What Price Values?

Circle of Vanity by Michael Reidy

If you enjoyed Michael Reidy’s On the Edge of Dreams and Nightmares, as I did, you will be delighted to find that its protagonist, the portrait artist, Sir Nigel Thomas, and his friend, the actress, Ligeia Gordon (aka Sophie Gregg) reprise their curious and complex relationship in Circle of Vanity (released in 2022) and become involved in the arcane world of art forgery and questions of attribution.

Sir Nigel’s expertise is sought when hitherto unknown works by Old Masters and other celebrated artists begin to appear in major cities around the world. The art establishment, with its lucrative vested interests and its hieratic authority, closes in on itself in a ‘circle of vanity’, and few dare challenge the authenticity of these works, while the way they are multiplying cannot but generate suspicion among the cognoscenti.

If enigmatic women are something of a Reidy signature, this sophisticated novel treats us to at least three. 

The nature of the relationship between Sir Nigel and Sophie continues in its fascinating complexity. They tell the world that they are cousins to avoid any imputation that they are lovers, and though they are constantly in each other’s company, they maintain their separate apartments. They clearly need each other, though Sir Nigel also needs the solitude of his studio and Sophie has her public persona (or multiple personae) to curate. When they have been apart they rush together to share gossip and food. Any declaration of a deeper meaning to their liaison is elegantly deflected with a quip or a change of subject.

Theirs is a world of velleities, of nuances, of refined persiflage, where they gleefully and surgically dissect the lives of others but never turn the scalpel inwards. The dark hurt in Sophie’s past (revealed in the earlier novel) must remain unspoken as they elegantly side-step the word (and idea) of love in an elaborate verbal ballet.
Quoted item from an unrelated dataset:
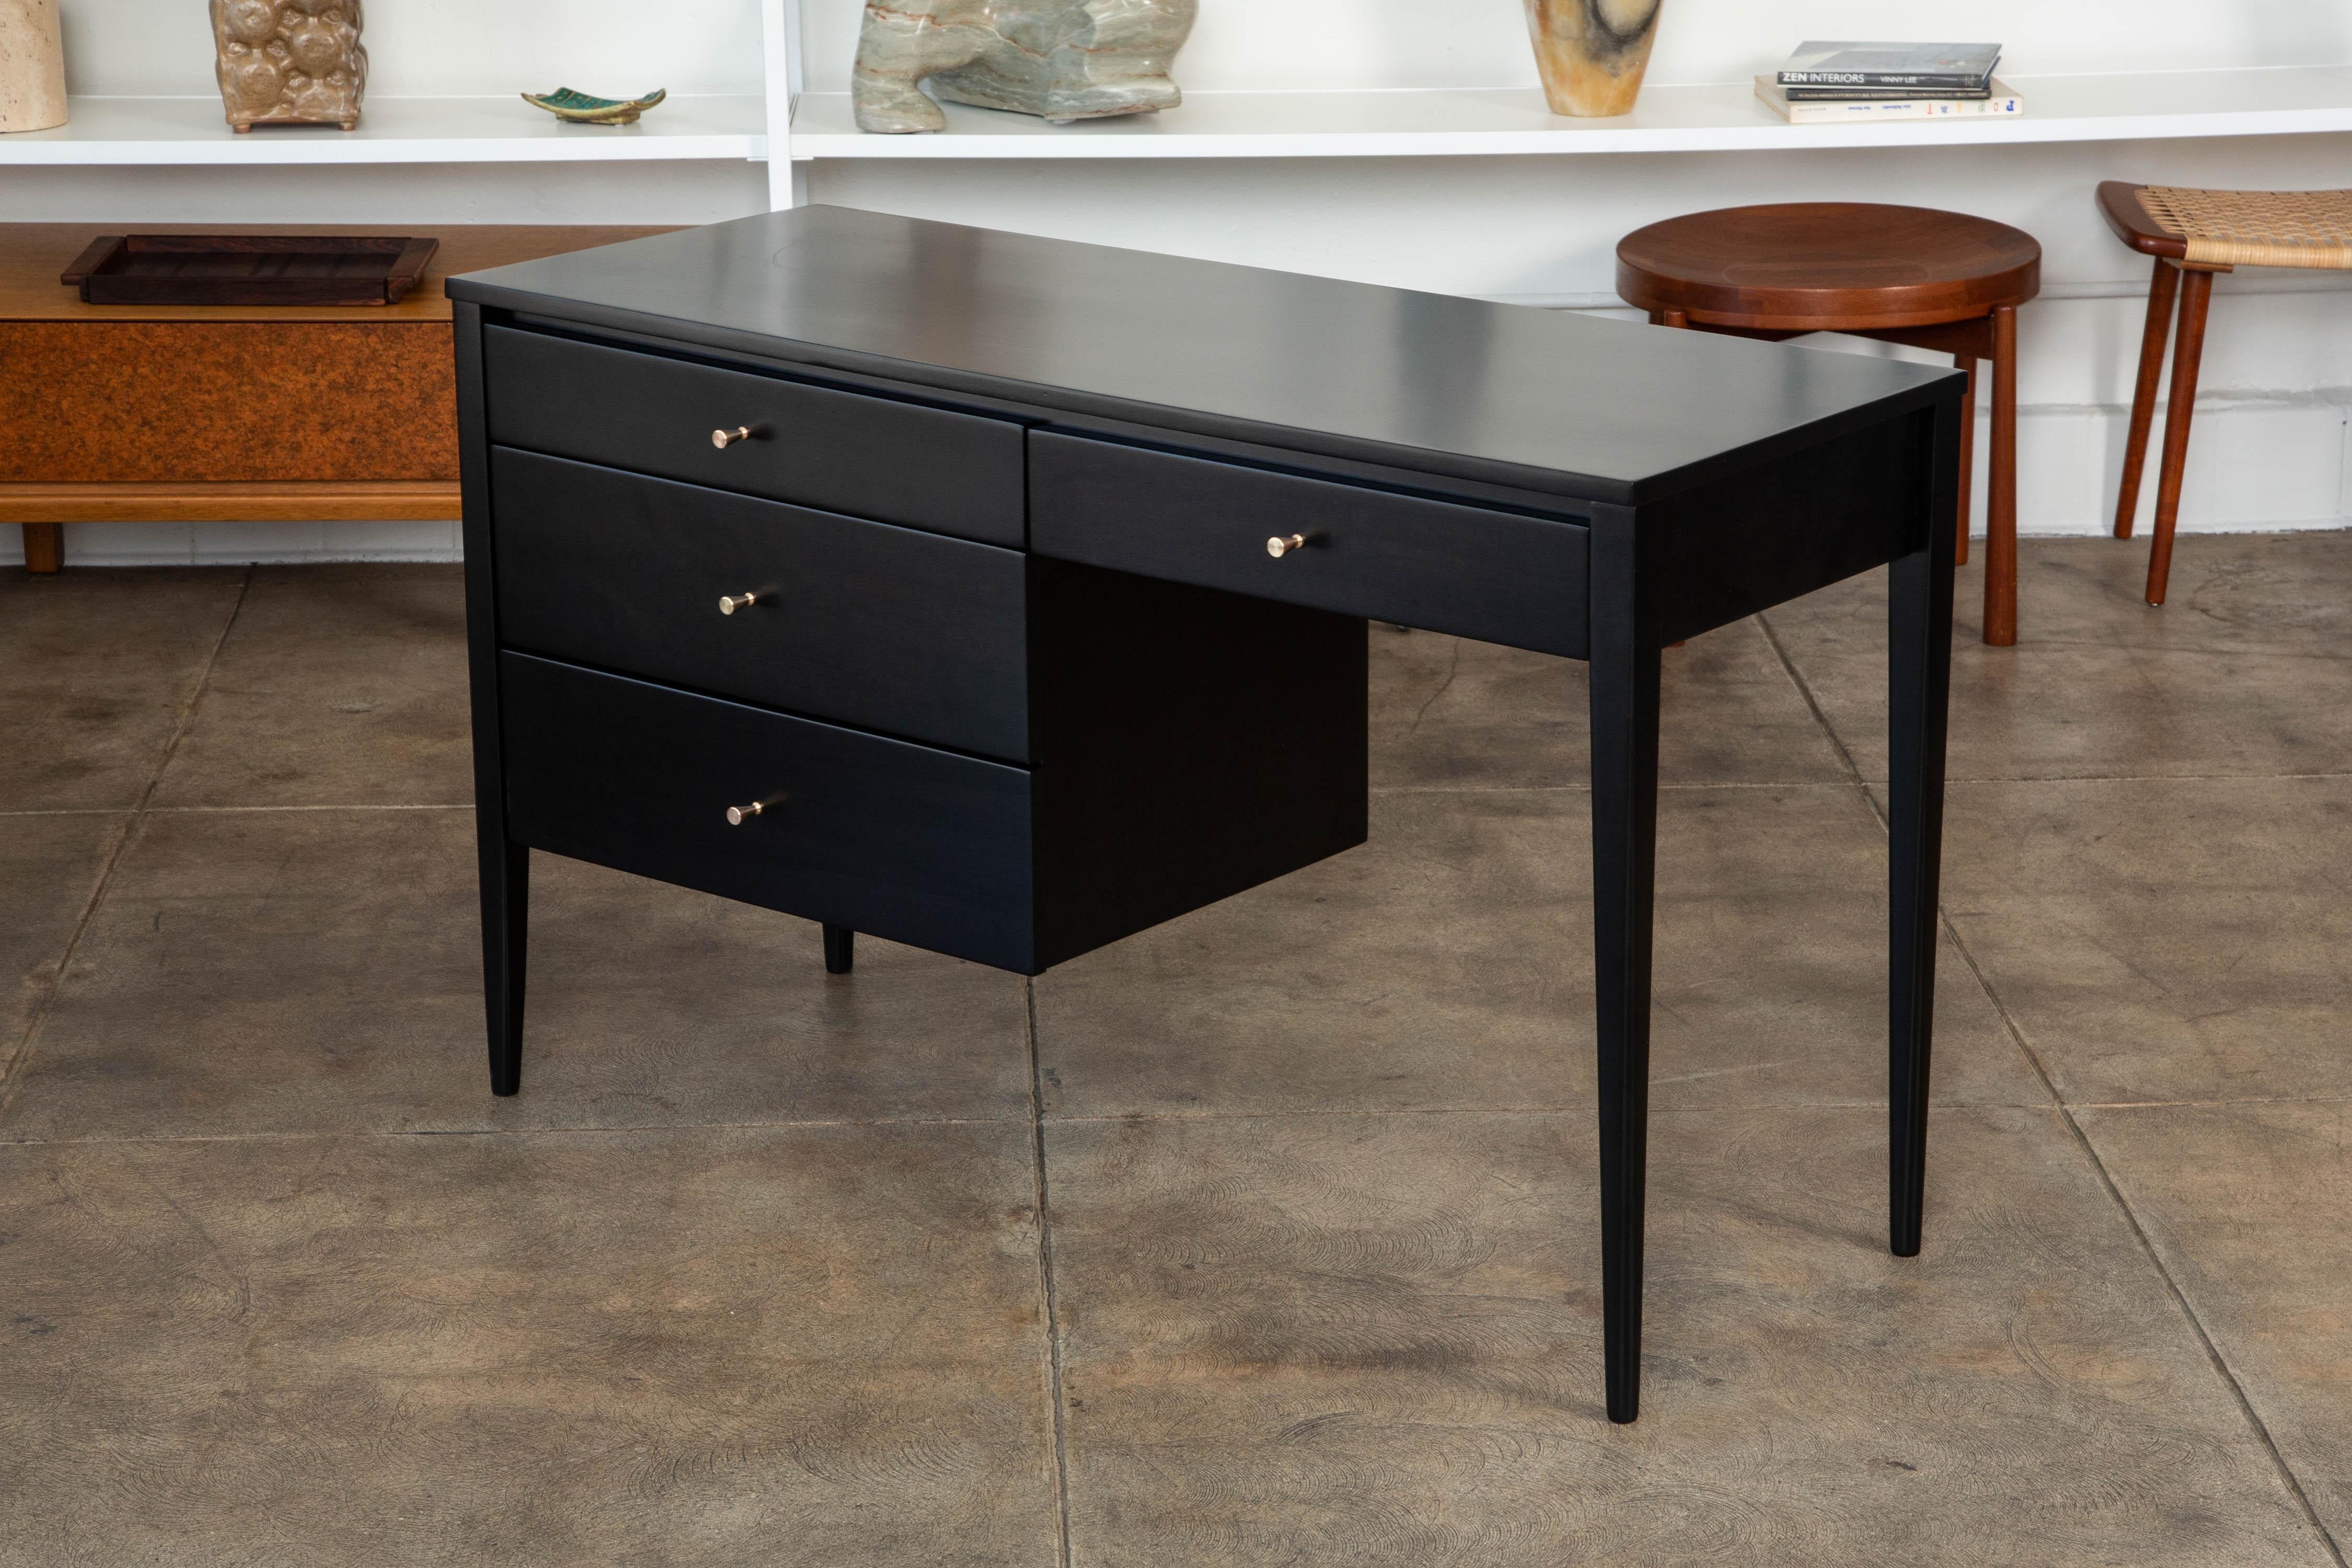 Paul McCobb writing desk from the Planner Group collection for Winchedon, circa 1950s. The ebonized maple desk features four drawers with solid brass knobs. There is a single drawer underneath the leg clearance with a three-drawer stack on the left

The other two enigmatic women are Marissa and her mother, April – a Cambridge friend of Sophie’s – who inhabit the wonderfully named Bickering Place in Lincolnshire. Sir Nigel has been commissioned to paint the daughter’s portrait and during the sittings the behaviour of both women seems distinctly odd, at least to the refined and fastidious sensibility of the painter. He is quite taken aback when Marissa changes her clothes in front of him, and disconcerted as April looks on without comment. Are they flirting with him? Are they in competition? He is embarrassed and confused. He tells Sophie that he thinks Marissa is mad, and she replies that it is April who is deranged. Exasperated, Sir Nigel declares: ‘I think they’re both bats’. Slyly, Reidy leaves the reader to make up his own mind.

The forgery narrative is likewise charged with ambiguities. With the assistance of Sir John Hawsley, Chairman of a prominent auction house and retired DCI, James Beech, the putative Rembrandt is subjected to all manner of forensic tests. Here the technical detail is so convincing that a reader might suppose that Reidy must be an expert in the technology of authentication, just as in the previous book (and this) the specialist knowledge displayed might suggest that the novelist is also a painter of portraits. Reidy has denied this, in which case one has to marvel at the meticulous detail of his research. I am particularly thinking about the passage where he brings the portrait of Melissa to life by adding a single crucial touch to the painting of the eyes.

The ‘detective’ strand is convincingly plotted, and to say that is no denigration of the genre. Nabokov says somewhere that all good novels are detective novels. Reidy offers no easy answers where, in fact, there are none because at the core of his novel is the question of aesthetic values, a notoriously unstable field of philosophy. ‘What’s aught but as ’tis valued,’ says Troilus in Shakespeare’s Troilus and Cressida, implying that there are no intrinsic values, only attributed ones. In the world of Reidy’s novel that word ‘valued’ is double-edged since it is a world where aesthetic products are audaciously monetised.

Reidy’s style is mature, lean and nicely modulated, erudite without pedantry, and supple without sagging. He knows how to show without needing to tell, inviting you to be an active reader, which will enhance your enjoyment because of your investment in the creative process.

This is a compelling and original work.